NOW, if the hive is as he says it is, they are worth 150.00 as they set. If you can find a local beekeeper to go check it with you, then assist you in what to do for the rest of the summer, then it is a very good buy.

Don't forget to add the cost of your protective gear, smoker, and hive tool. Those you need to buy immediately, also. Plan 350.00 for the initial set up.


----------



## Organic Cowgirl

Sounds like great advice, thanks!!

I will find a local beekeeper, for sure. Saving $55 from its value sounds good, but not at the cost of being a duped newbie. I'll hold out 'til I'm ready.

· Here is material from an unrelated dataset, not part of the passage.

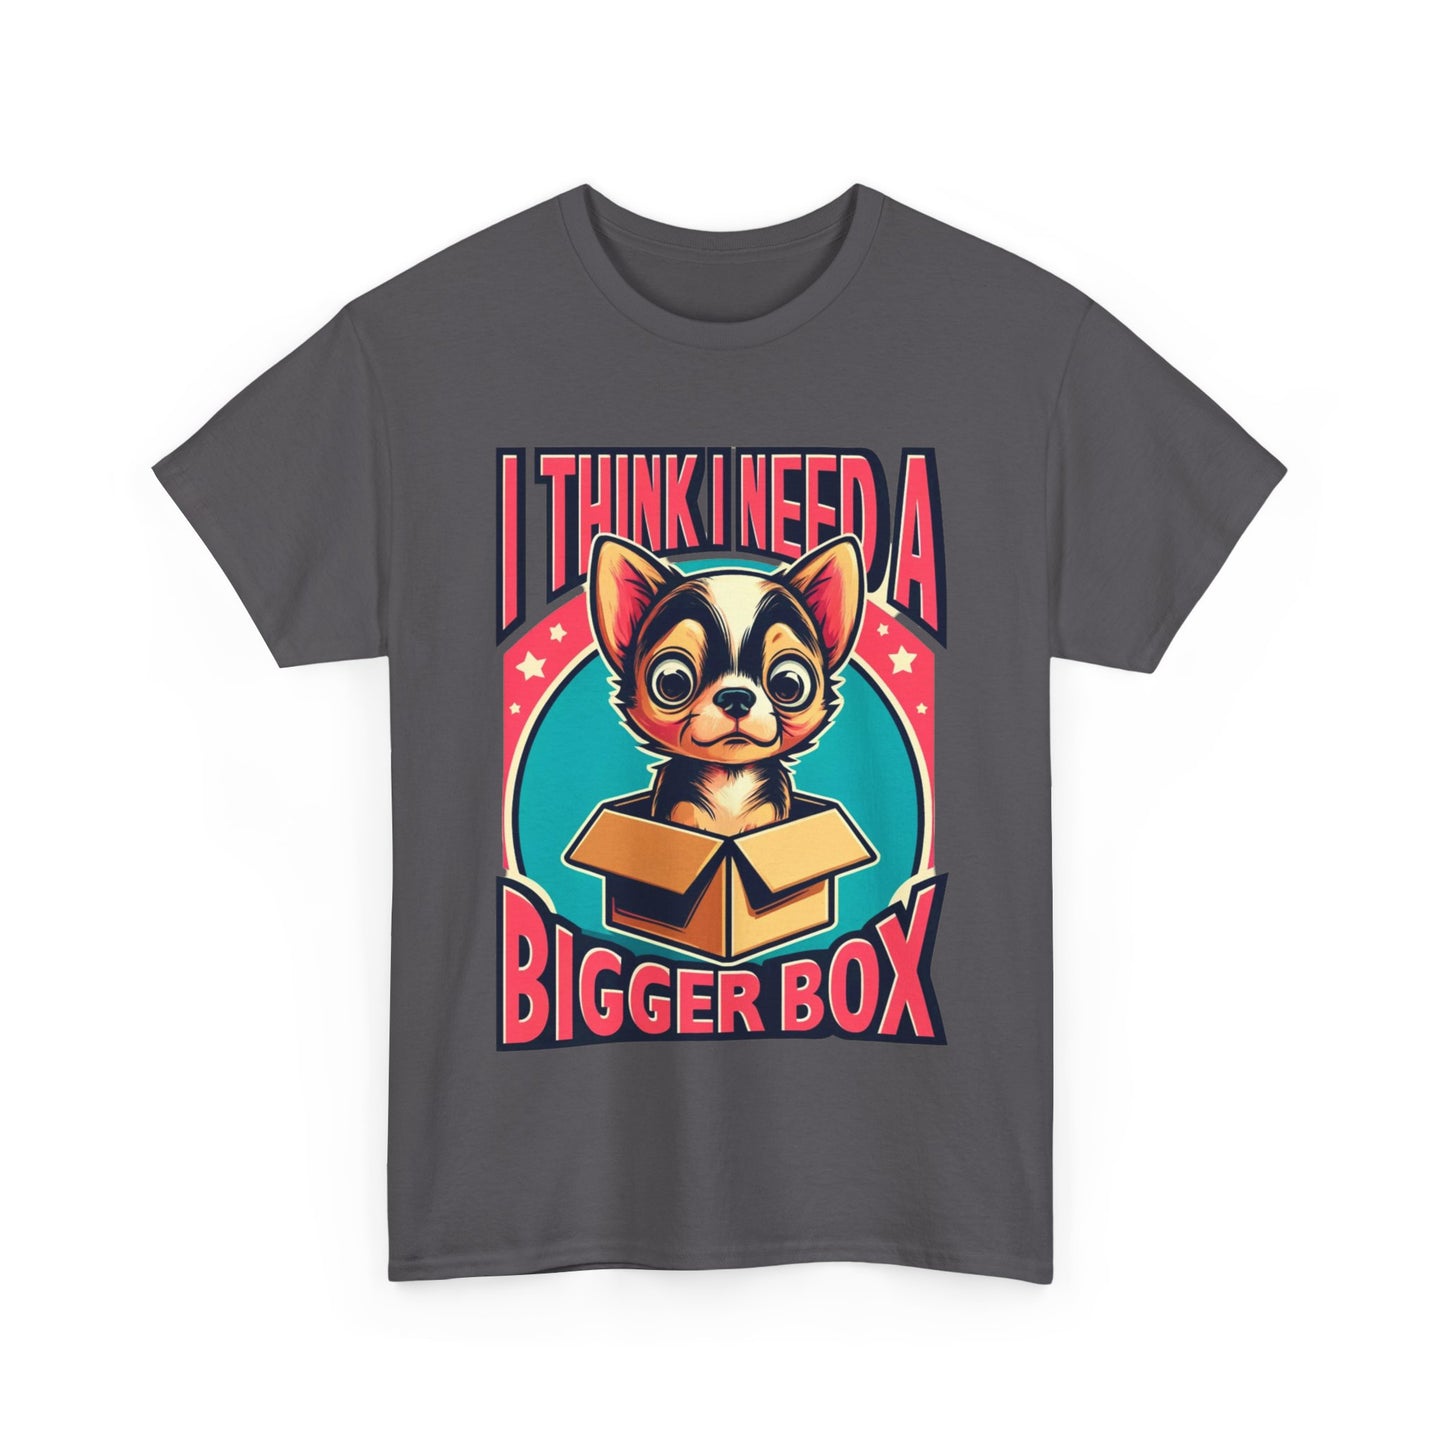 Y.M.L.Y. "I Think I Need A Bigger Box" Chihuahua T-Shirts Chihuahua Lover T-Shirts Funny Chihuahua T-Shirts

Thank you, again!


----------



## indypartridge

Organic Cowgirl said:


> I will find a local beekeeper, for sure. ... I'll hold out 'til I'm ready. Thank you, again!


See if any of these local beekeeping clubs are near you:
http://www.texasbeekeepers.org/inde...beekeepers.org/Directories/TBA Chapters.htm&1

Many clubs offer beginning beekeeping classes, and often will get you connected with nearby beekeepers who can help mentor you and get you started. Check you local library for books/videos on beekeeping. Plus, there are numerous beekeeping sites & tutorials. Here are a few of my favorites:
http://www.beemaster.com/

http://www.bushfarms.com/bees.htm

http://www.voiceofthehive.com/


----------



## Elizabeth

I wouldn't buy those bees for any amount of $$$. The guy doesn't sound like he knows what he's talking about. No way is 40 pounds of honey going to sell for $350. Right there I have to wonder why he is lying about that- if he lies about the value of the honey, what else is he lying about?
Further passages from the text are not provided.